Success in Self-Assembly of Quantum Dots with World’s Highest Density
Will Further Accelerate Research toward Realization of High Performance Quantum Dot Devices
National Institute for Materials Science
The NIMS Photonic Materials Unit is developing an advanced self-assembly technique for semiconductor quantum dots called droplet epitaxy, which is an original NIMS technology, and recently succeeded in the development of a new self-assembly technique for quantum dots with the world’s highest surface density, greatly exceeding the previously reported value.
Quantum dots have attracted heightened attention in recent years as a technology for achieving substantial improvement in the properties of semiconductor lasers and development of ultra-high efficiency photovoltaic cells based on a new operating principle.
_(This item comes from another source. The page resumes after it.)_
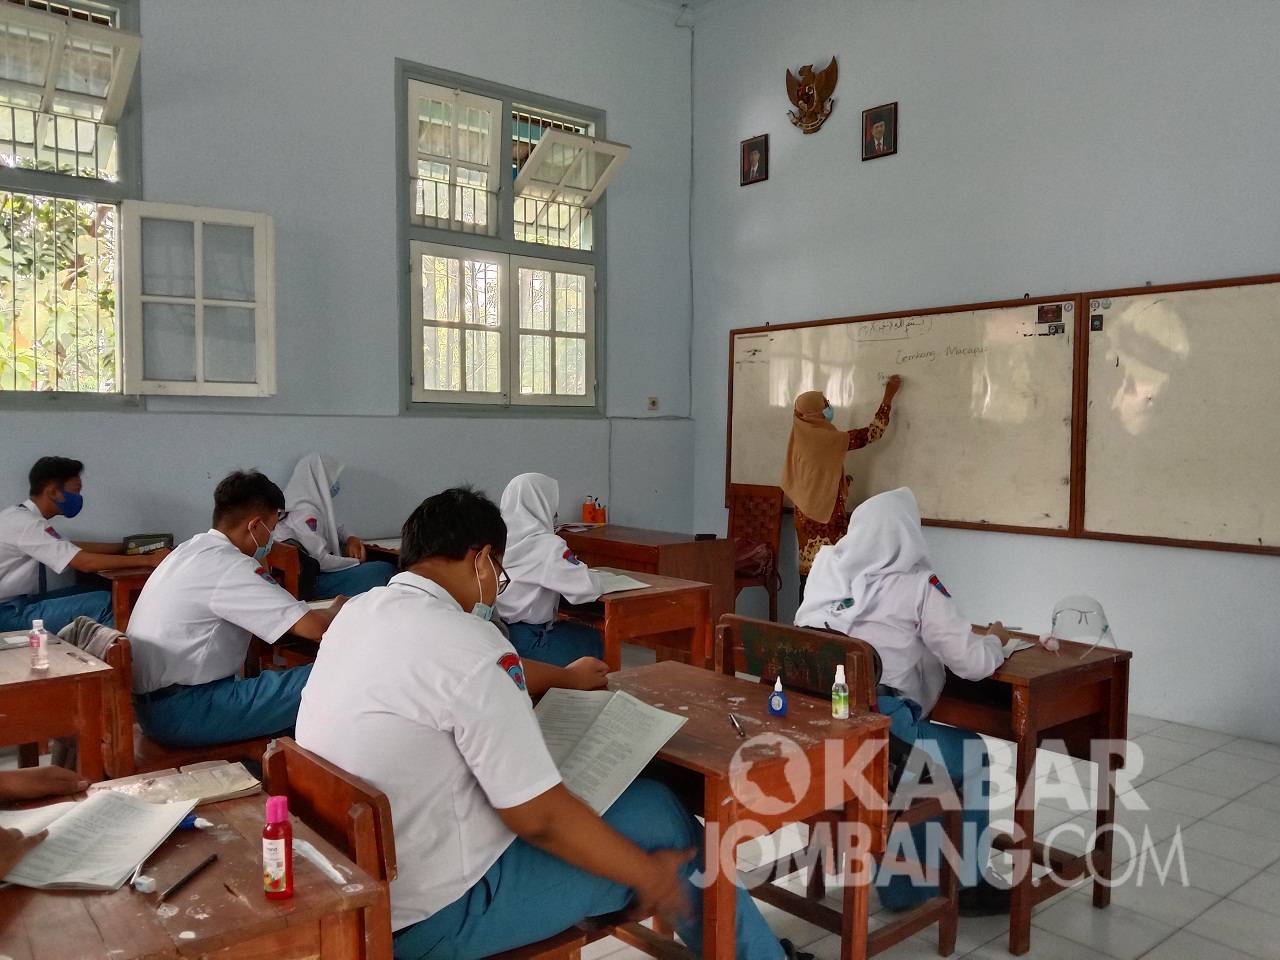 Pelaksanaan sekolah tatap muka di Kabupaten Jombang, Selasa (6/4/2021). KabarJombang.com/Anggraini Dwi/

In the newly-developed technology, (1) use of a substrate with a high index surface, (2) formation and crystallization of gallium droplets at near-room temperature, and (3) suppression of the droplet coalescence by optimization of the amount of supplied gallium were introduced in the gallium arsenide (GaAs) quantum dot formation by droplet epitaxy. As a result, the NIMS team succeeded in self-assembly of GaAs quantum dots with an extremely high surface density of 7.3 x 1011/cm2 in a lattice-matched system. The team also discovered that defects originating in crystallization at near-room temperature can be restored by applying ingenuity to the heat treatment process for the crystallized quantum dots, and strong PL emission can be observed from the quantum dots.
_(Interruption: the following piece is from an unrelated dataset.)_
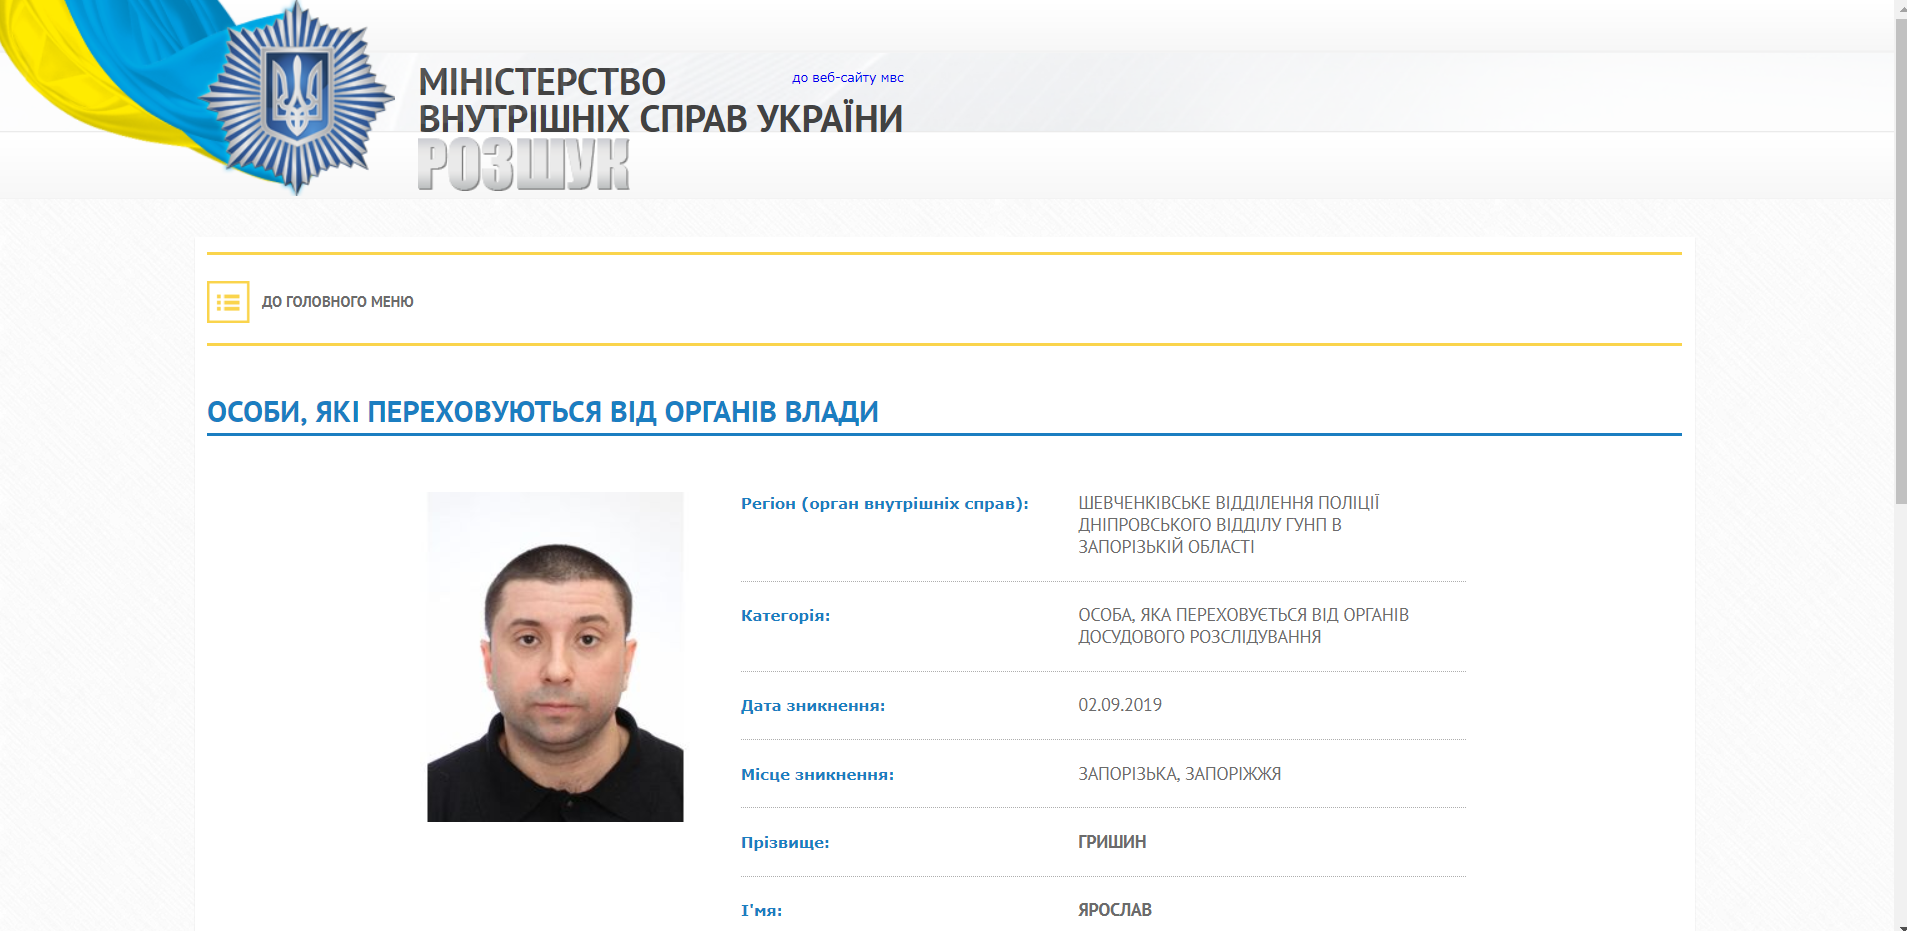 Ярослав Гришин проводит агитацию "из тюрьмы" (ФОТО)

Droplet epitaxy has attracted attention as the only method which enables self-assembly of quantum dots in lattice-matched systems, and in principle has the advantage that a large number of high quality quantum dot layers can be stacked in close proximity with maintaining high crystallinity. Therefore, if the ultra-high density in-plane quantum dots developed in this research are stacked in close proximity, it will be possible to produce quantum dot materials with extremely high volumetric density, which cannot be realized with the conventional technology. Thus, it is expected to be possible to achieve higher performance in optical and electronic devices which use quantum dots as a result of this research achievement.
Details of this research were published in the online edition of Applied Physics Letters, which is an American scientific journal in the field of applied physics, and are scheduled for publication in Vol. 100, No. 21 of the print edition.